BB would be good both sides for plywood. That's what the designations are.
BC sanded plywood is stuff you would put on a sub floor deck or make shelves out of. The B side would be the best and the C side would have some knots or voids.

I think the best I have purchased was A2 veneer grade walnut 3/4 inch - $136.00 US for 4x8 sheet. Basically, that grade is imperfection free on both sides.

That is what I used for the liquor cabinet.


----------



## schnewj (Nov 18, 2013)

@MascaraSnake

Read the PDF's that I posted.

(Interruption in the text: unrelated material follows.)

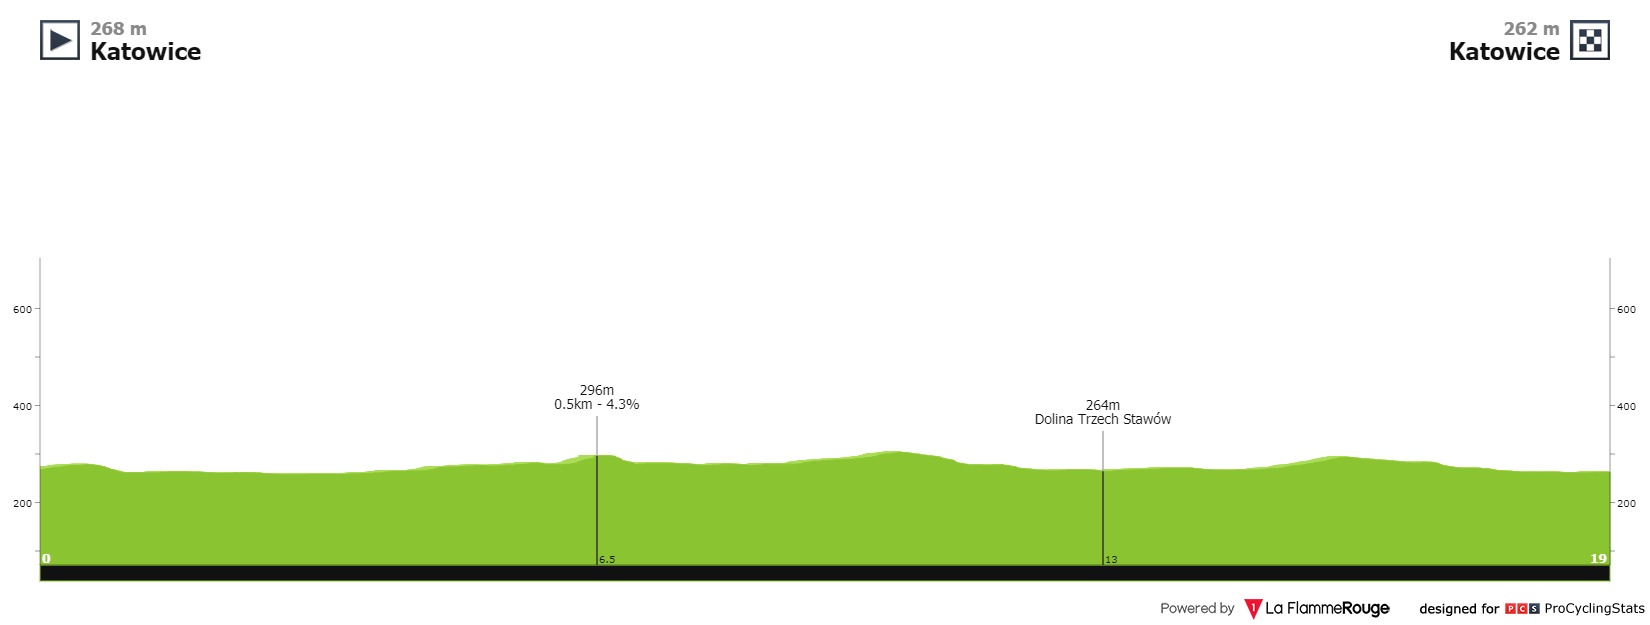 tour-de-pologne-2021-stage-6-profile-5357558fa3.jpg

The one titled _Plywood Grades_ explains both the North American (ANSI) and the international requirements for grading of plywood. 

From what you are describing, you are not even getting what we would refer to as, BB/CC. You are probably getting a construction grade plywood that is not really BB. Trust me, it is not easy for all of us to find BB in our respective parts of North America. Fortunately, if you are willing to pay the price you can have it shipped to you if it isn't locally available.

I'll assume that you are building cabinets? You don't specify. If you are just building shop cabinets you might get comparable quality from non "BB". It appears that you are painting them? If so, then it doesn't necessarily need to be BB. 

We are dealing with an influx of Chinese, plywood. It is the worst quality I have ever seen. Some of the South American is better, but not by much. Believe me, we feel your pain.

As suggested, try and find a local cabinet maker. If you can "get in" with these folks, they may be able to supply your needs without damaging you present supplier relationship.

Bill


----------



## Herb Stoops (Aug 28, 2012)

vindaloo said:


> I did answer but got ignored, hey, what a female know anyway 0


Angie, I always read your posts, I like to see your input from a different perspective, surprised at the differences on some things and similarities on others.
I like your millwork company suggestion ,as they have sources an individual doesn't. 
I get most of my BBP from a hardwood supplier , Rockler, WoodCraft Supply, here. But the hardwood supplier is the cheapest, and he gives our Woodworking club a 10% discount. There was a spell when BB was not available as the chineese were buying it up , and all he could get was Russian birch. 
It is not as good quality wise as BBP , cheaper and comes in 4'X8' sheets but it is a good secound choice. 
They do sell ApplePly which is better quality than BBP , and costs nearly twice as much, it has maple faces.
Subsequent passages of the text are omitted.